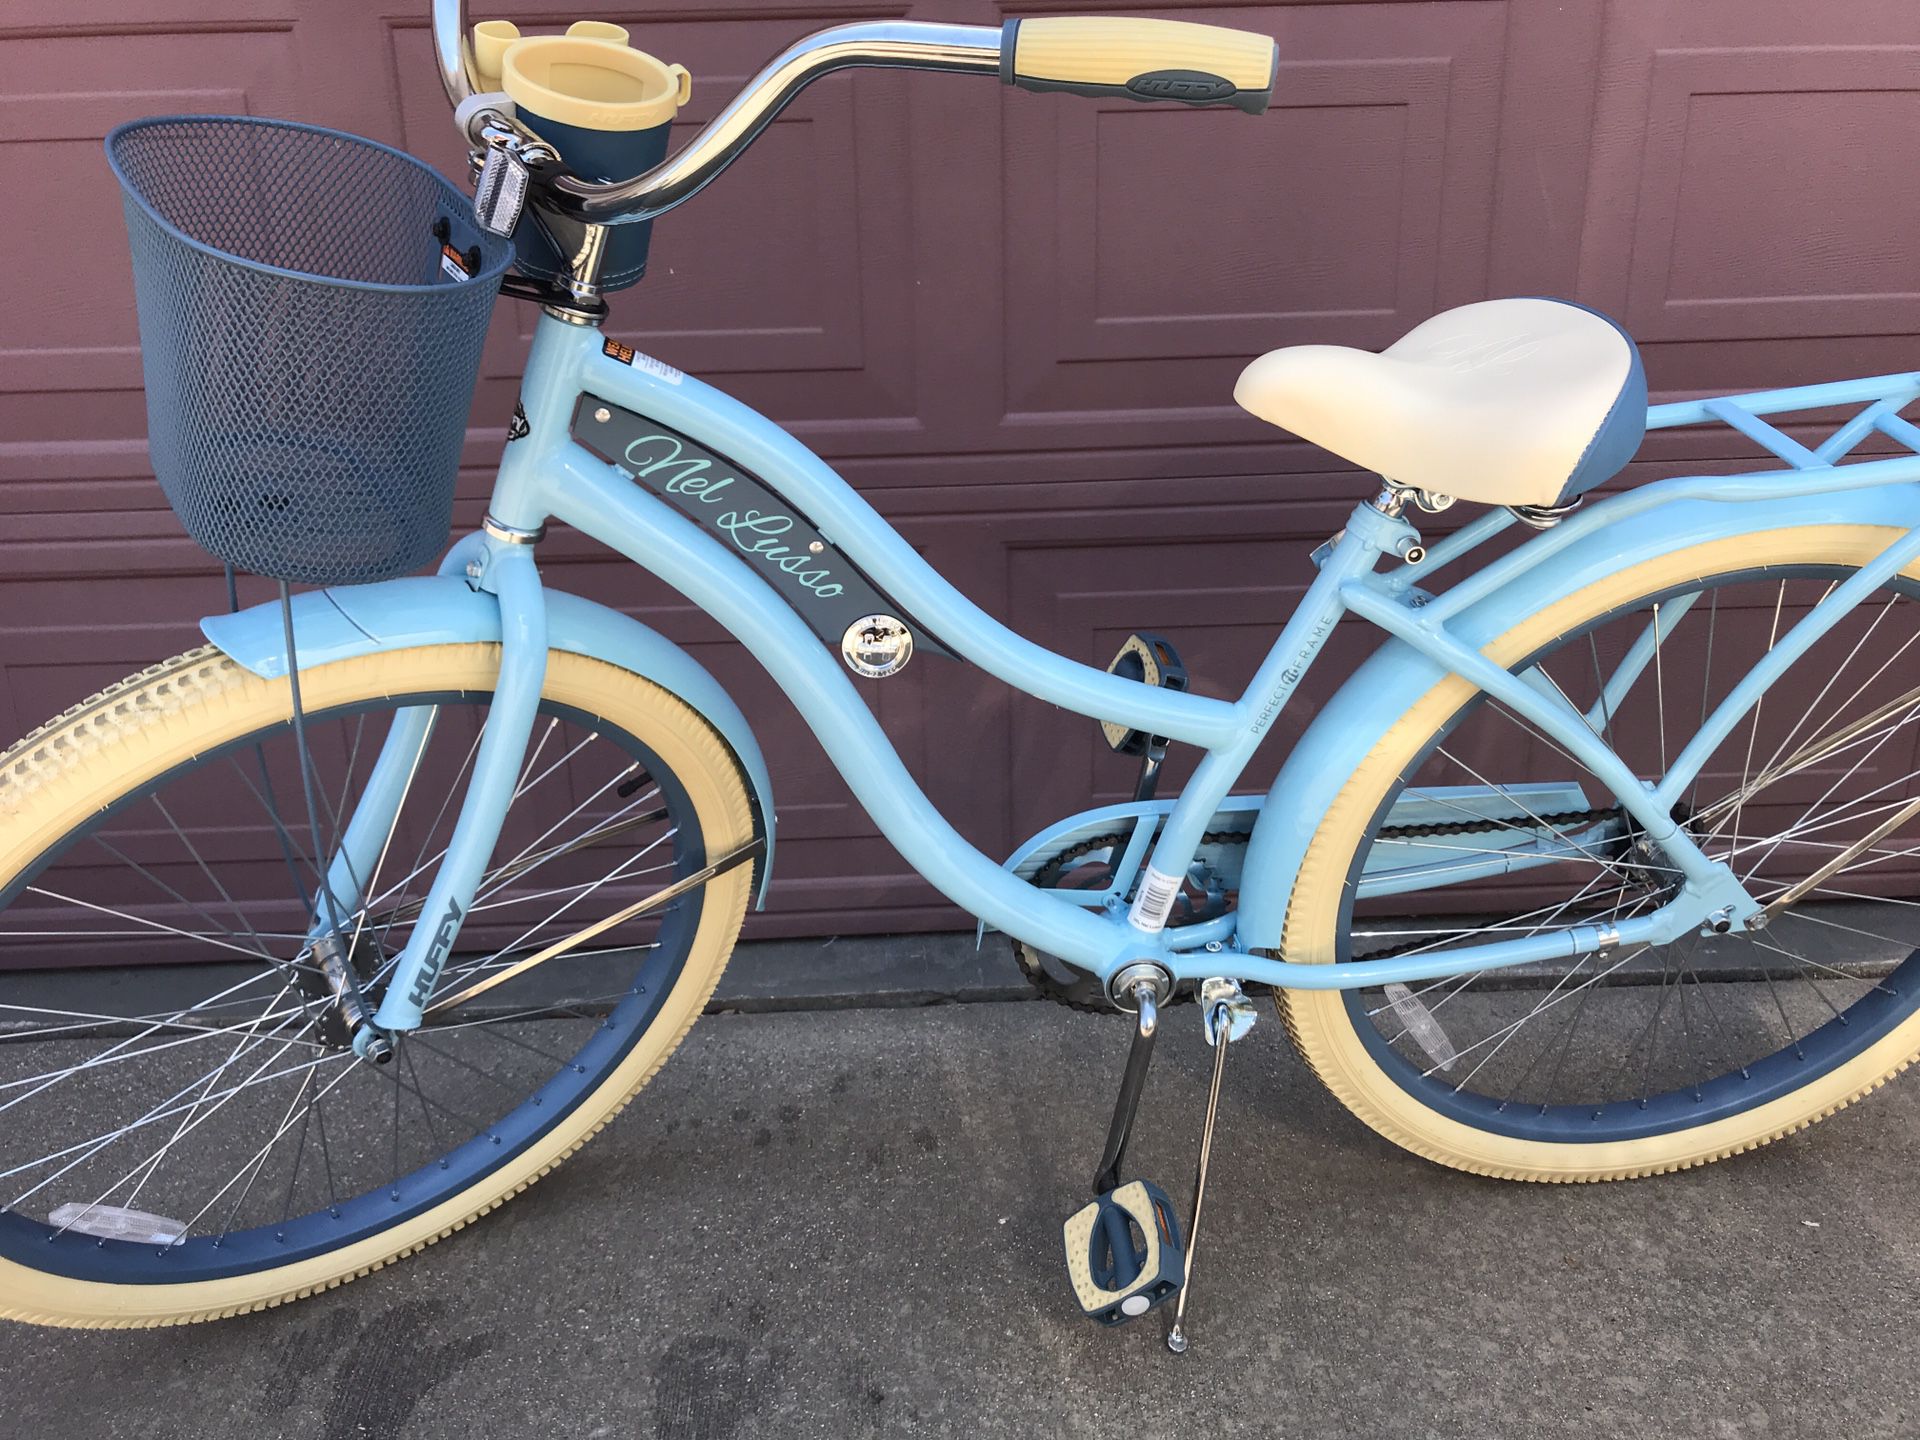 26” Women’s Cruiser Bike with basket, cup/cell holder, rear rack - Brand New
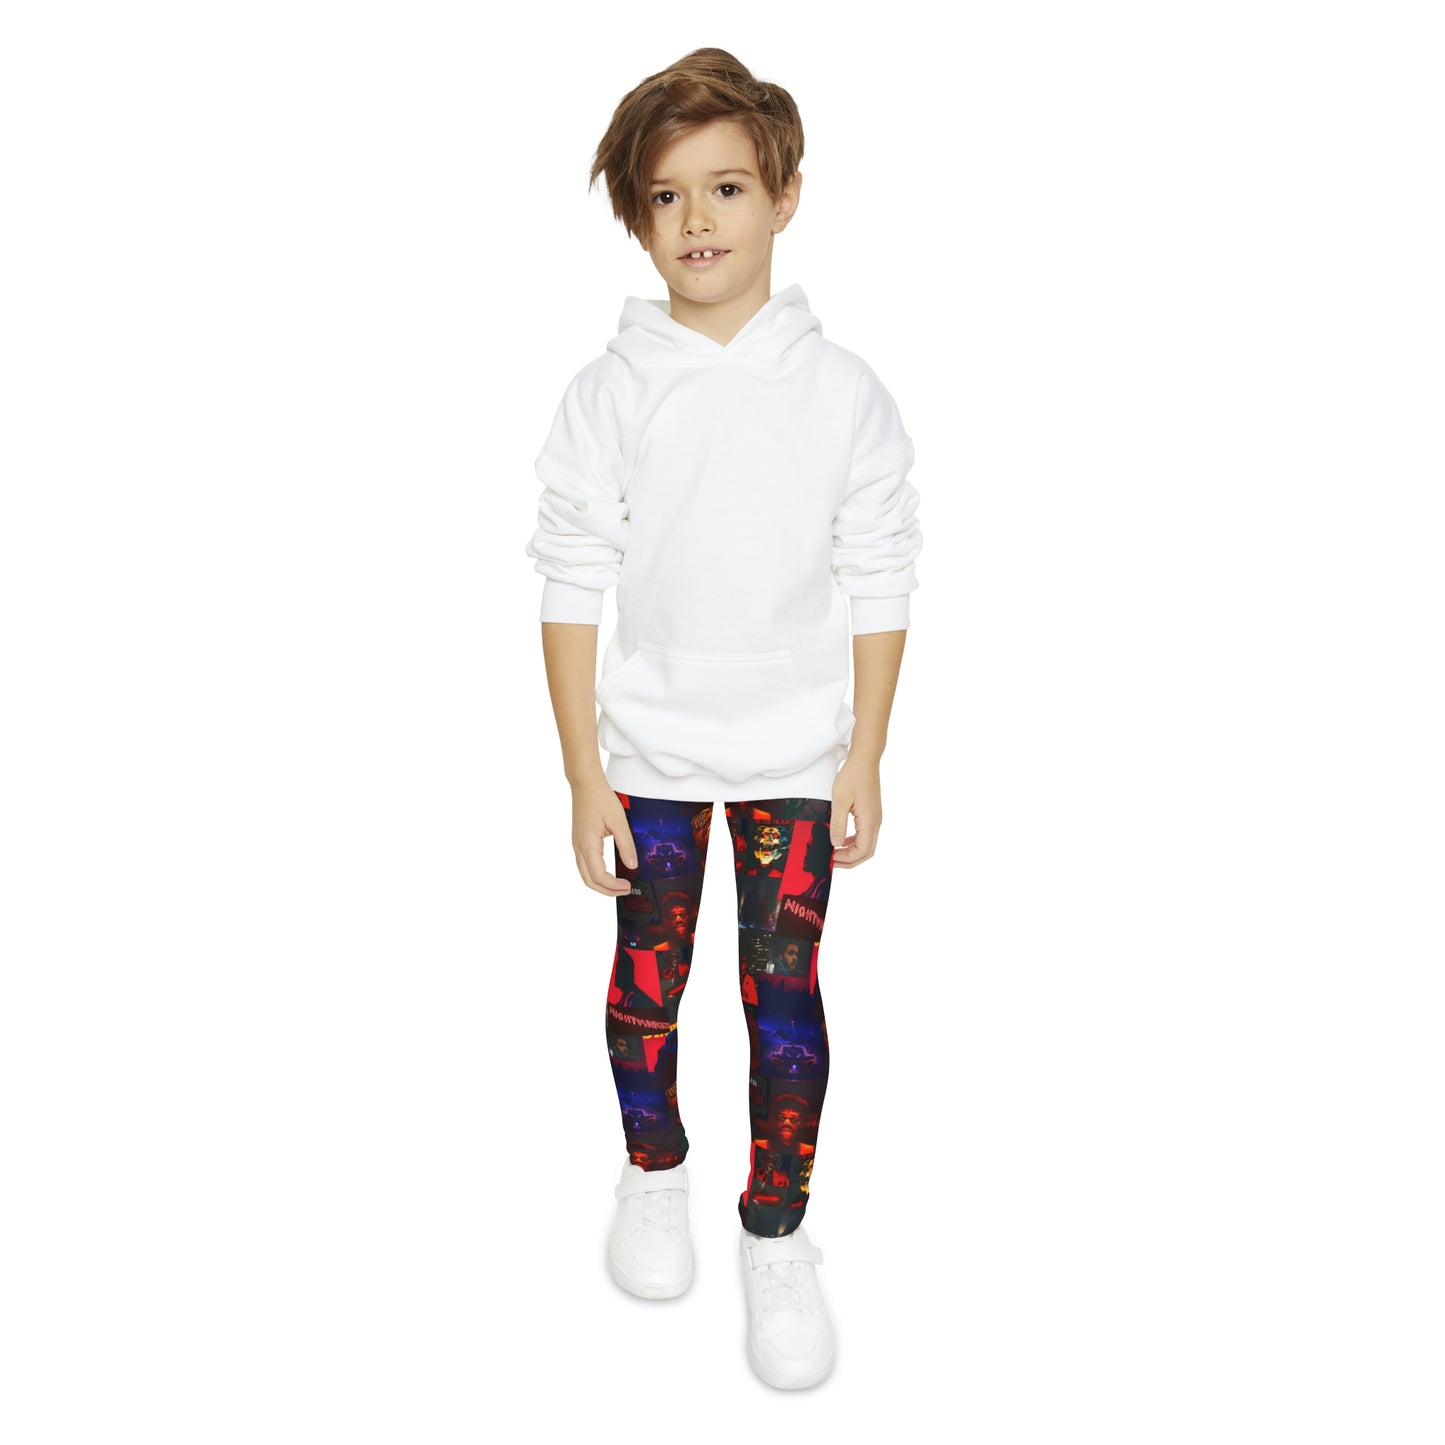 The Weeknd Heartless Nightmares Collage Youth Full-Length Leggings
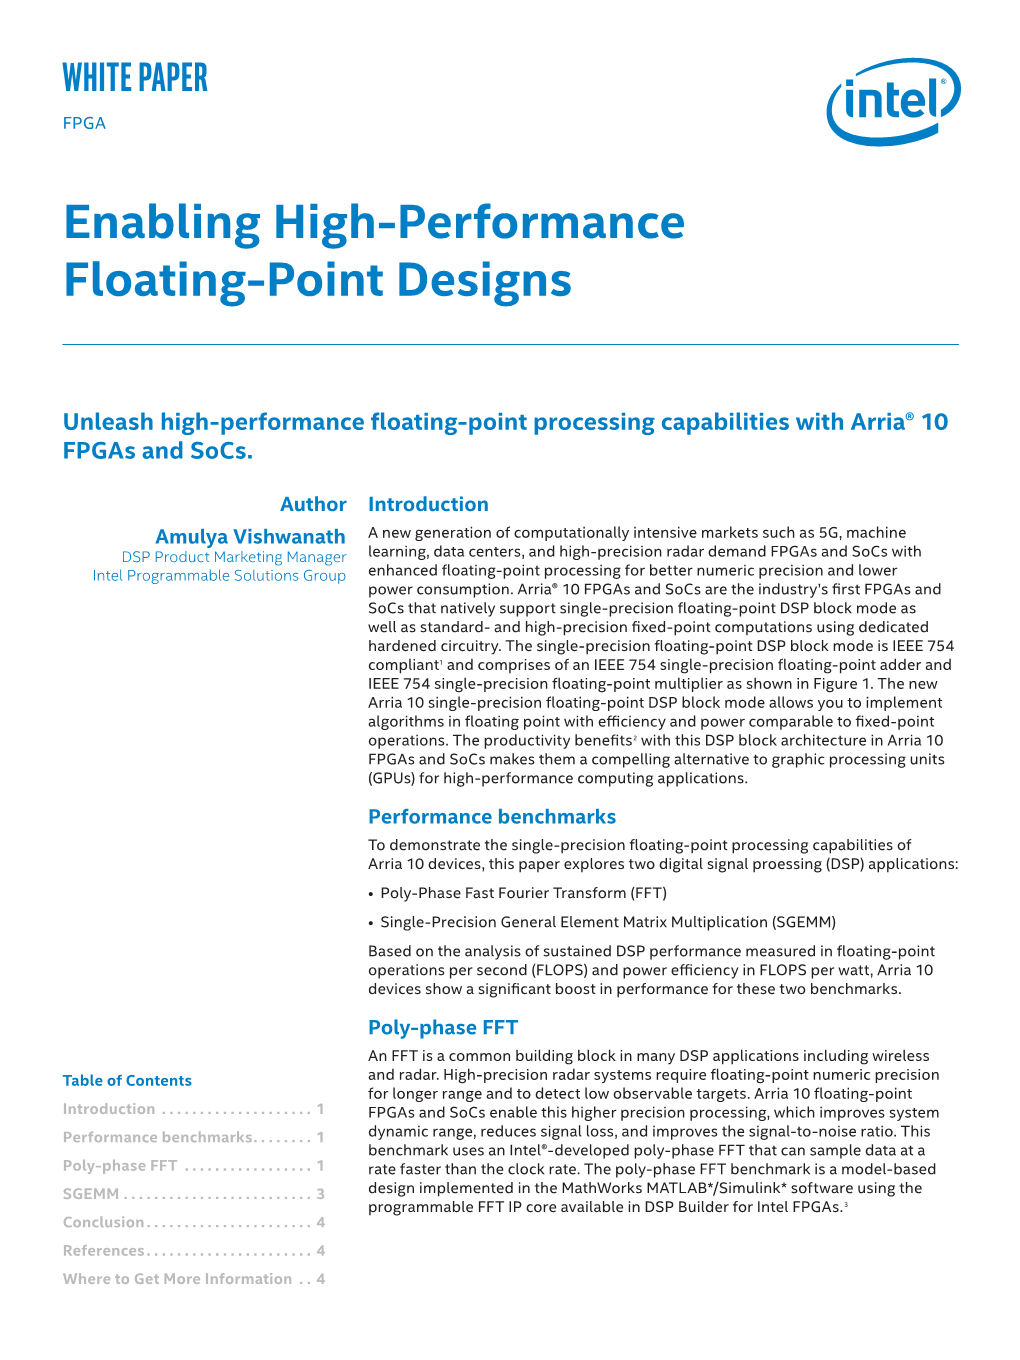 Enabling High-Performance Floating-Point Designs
--
Activity: The required answer is the material repeated exactly, with no images in it.

Response to this task:
 26” Women’s Cruiser Bike with basket, cup/cell holder, rear rack - Brand New
 The Weeknd Heartless Nightmares Collage Youth Full-Length Leggings
 Enabling High-Performance Floating-Point Designs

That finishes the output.